Старшина поднял шинель, отряхнул от снега, не спеша.
– Курсанта так не учат, лейтенант. Курсант по уставу ломит, по схеме, через силу. А ты не ломишь. – Он помолчал, подбирая слова, и оттого они вышли тяжелее. – Ты сразу насмерть идёшь, без замаха, без злости. Так не в классе ставят. Так на деле ставят. Кровью.
Воронин молчал. Возразить было нечем, оправдаться нечем, и любое лишнее слово вышло бы хуже молчания.
– Контузия, – выговорил он наконец. Тускло, в сторону, через силу. – Не помню, где чему учился. Сбито всё.
– Сбито, – повторил Гаврилов без всякого выражения. Не поверил. Но и спорить не стал. – Ну-ну. Лечись, лейтенант.
Старшина накинул шинель. Пошёл к крыльцу. У сарая обернулся.
– На снаряд ходи, – сказал он. – Это можно. А вот это, – он повёл подбородком туда, где они стояли, – это покуда брось. Не показывай. Понял, нет?
Воронин понял. Лучше, чем тот думал.
– Понял, товарищ старшина.
Гаврилов ушёл. Воронин остался один на утоптанном снегу. Размял кисть, которая не легла. Дело было не в кисти.
* * *
Вечером, лёжа на койке под мерный свист старика с дальней койки, Воронин подводил итог – холодно, без поблажки себе, как подводил его всегда после сорванного выхода, когда разбираешь сделанное не затем, чтобы покаяться, а затем, чтобы в следующий раз остаться живым.
Итог выходил скверный.
То, на что он привык опираться всю жизнь, подвело его дважды за одну минуту, и каждый раз по-своему. Сперва подвела голова: сорок лет выучки сработали сами, помимо воли, кинули тело в движение, которого здесь, в марте сорок первого, не должно было знать ни одно живое существо, а уж тем более зелёный лейтенант, только что из училища. А следом подвело тело: оно не сумело докончить начатое головой, потому что эти руки, эти ноги, эта спина учились другому и у других людей, и между замыслом сорокалетнего бойца и возможностями двадцатидвухлетнего курсанта легла щель, в которую он сегодня и провалился – на глазах у внимательного, недоброго, всё подмечающего человека.
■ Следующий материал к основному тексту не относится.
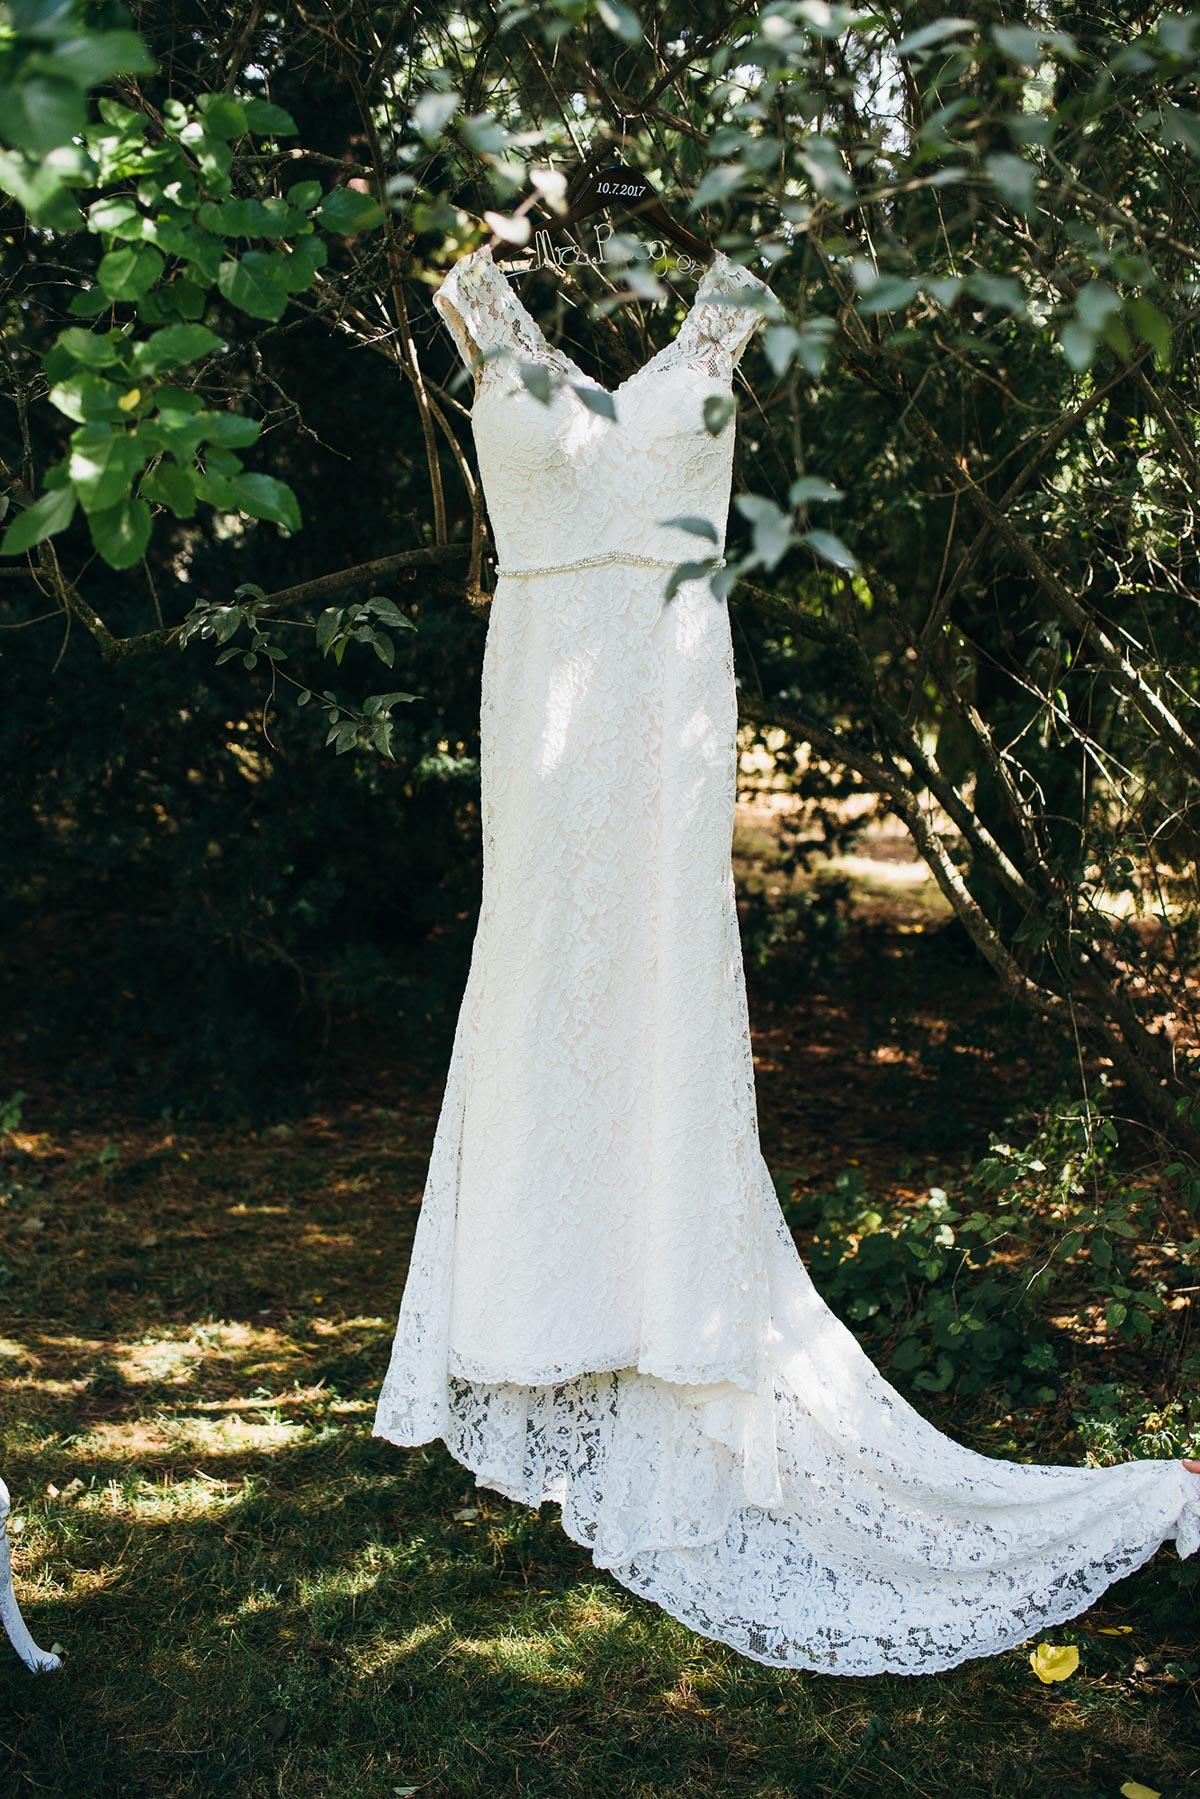 shaw-events-vineyard-bride-swish-list-kurtz-orchards-niagara-on-the-lake-wedding-23.jpg

Значит, так. Тело – не подарок и не оружие, а сырьё: молодое, сильное, но чужое, настроенное не под его руку, и доверять ему вслепую нельзя, пока он не переложит в эти мышцы то, что умел в прежних, – медленно, день за днём, заново. На это уйдут не недели, а месяцы. А голова – голова и вовсе оказалась не козырем, а краплёной картой, которую нельзя открывать. Всё, чем он по-настоящему силён, всё ремесло, вся пройденная и ещё только предстоящая ему война – всё это выдаёт его с потрохами при первом же честном движении. Сегодня выдало старшине за дровяным сараем. Завтра выдаст кому-нибудь поумнее и позлее, и тот не скажет «ну-ну», а сядет писать рапорт.
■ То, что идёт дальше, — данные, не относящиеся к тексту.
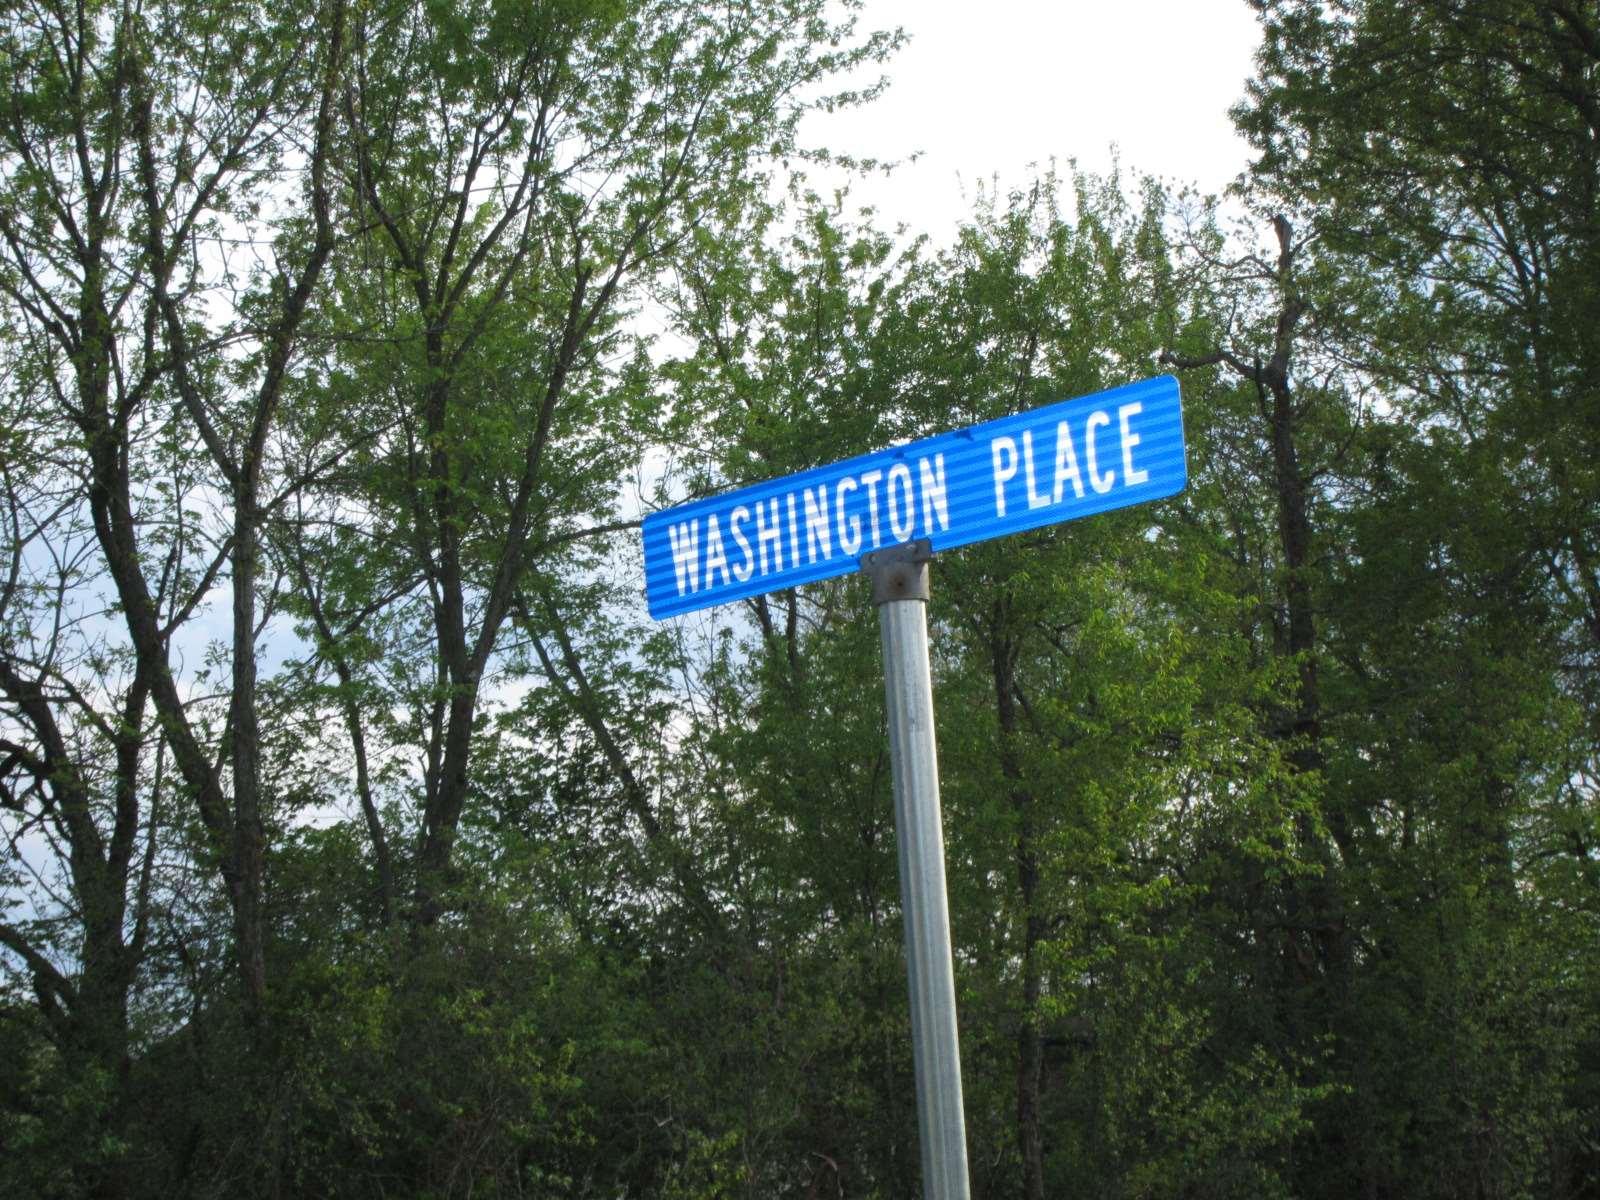 205 WASHINGTON Property Photo - Riverton, IL real estate listing

Он стал прикидывать, как это делать, – не вообще, а руками, по дням. Турник, брусья, бег, колка дров до седьмого пота – это можно открыто, у всех на виду, это и легенде на пользу: контуженый лейтенант исправно поправляется, набирает потерянное, ничего подозрительного. А вот всё остальное – связки, реакции, ту самую работу, что выдала его нынче за сараем, – придётся переучивать тайком, втихую, разбирая каждый приём на части и вкладывая его в чужие мышцы медленно, без свидетелей и без спешки, под видом то ли разминки, то ли дурашливой возни от скуки. И это будут не недели, а месяцы кропотливой, никому не видной работы, странной до нелепости: не научиться заново – учиться ему было нечему, он всё это умел и помнил, – а перенести умение из головы, где оно лежало нетронутым и полным, в руки, которые его не знали и знать не могли. Самое дикое ремесло из всех, каким он занимался в жизни: терпеливо вколачивать в собственное тело то, что сам он давно забыл, как не уметь.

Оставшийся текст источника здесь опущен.